2.2.2 That in the event of Dr. Smale recommending that the childrens’ best interests will not be served by enrolling in Merrifield Preparatory School the matter be referred to the offices of the Family Advocate to forthwith schedule an enquiry and investigate the bests interests of the minor children with the input and assistance of Dr. Smale and to report to this Honourable Court with its recommendations in respect of: the primary care and residence of the minor children and in particular whether it would serve the childrens’ best interests to permanently relocate and reside with the respondent in East London and remain in her primary care; and the scope of the parties’future contact with the minor children.


2.2.3 That in the event of paragraph above becoming applicable, then pending the outcome of the Family Advocate’s investigation, referred to in paragraph above, that the minor children shall continue to primarily reside with the applicant and commence their school year at St. Dominic’s Priory School in January 2013, subject to reasonable contact between respondent and the minor children by the respondent visiting the children in Port Elizabeth every weekend.”
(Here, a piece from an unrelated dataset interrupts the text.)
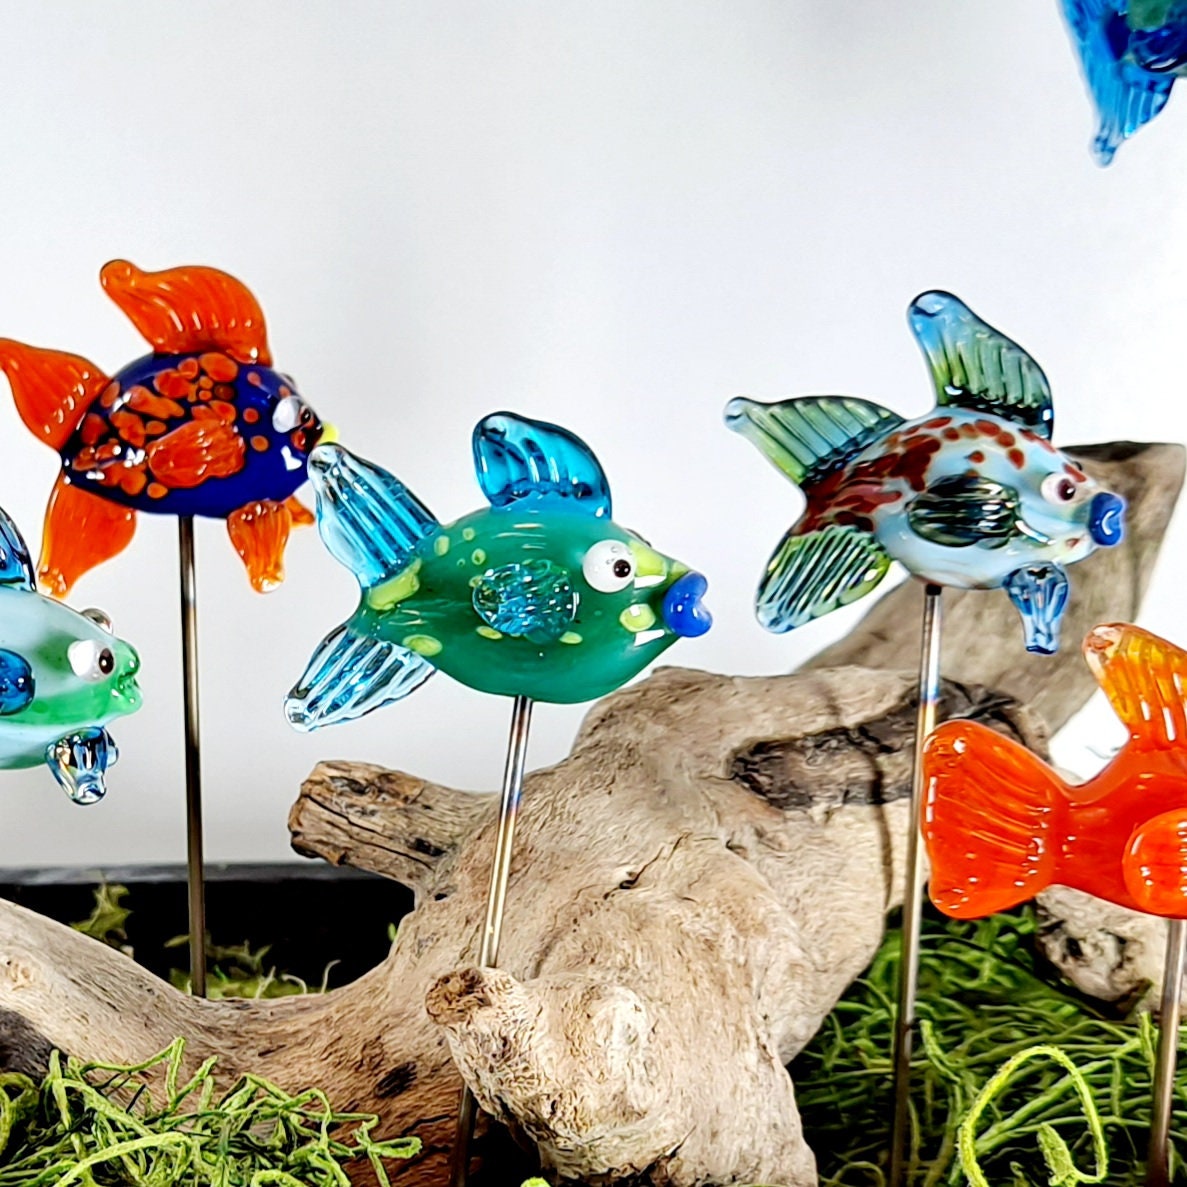 Miniature Goldfish (5pc) - Miniature Fish - Micro Landscape - Mini Garden -  Fairy Garden Fish - Terrarium Decor - Zen Garden

It is always the duty of the courts to act in the best interests of the minor child. The Court in this case found that even though the divorce matter had been an acrimonious matter, the turmoil experienced by the children could reasonably be expected. The Court found that the relief sought by the applicant in having a psychologist appointed was not necessary. The Court found that the applicant could not show that the relocation of the children and their enrolment in another school was not in their best interests.

The Court also found that the fulltime carer of the children had also relocated to East London to assist the respondent in looking after the children. The Court in this case was basically of the view that sometimes people relocate to different provinces, and some impact on the children cannot be avoided. The application was dismissed with costs.

It often happens after divorce cases that one spouse has to relocate to a different province for work-related or other reasons. This cannot always be prevented and one spouse cannot always prevent another spouse from relocating. At the end of the day, children have to live somewhere with one of the parties post-divorce. The courts will not easily intervene when one spouse relocates to a different province with the children unless there can be proven that such relocation is not in the best interests of the minor child. In the above case the relocation was found to be in the best interests of the minor children.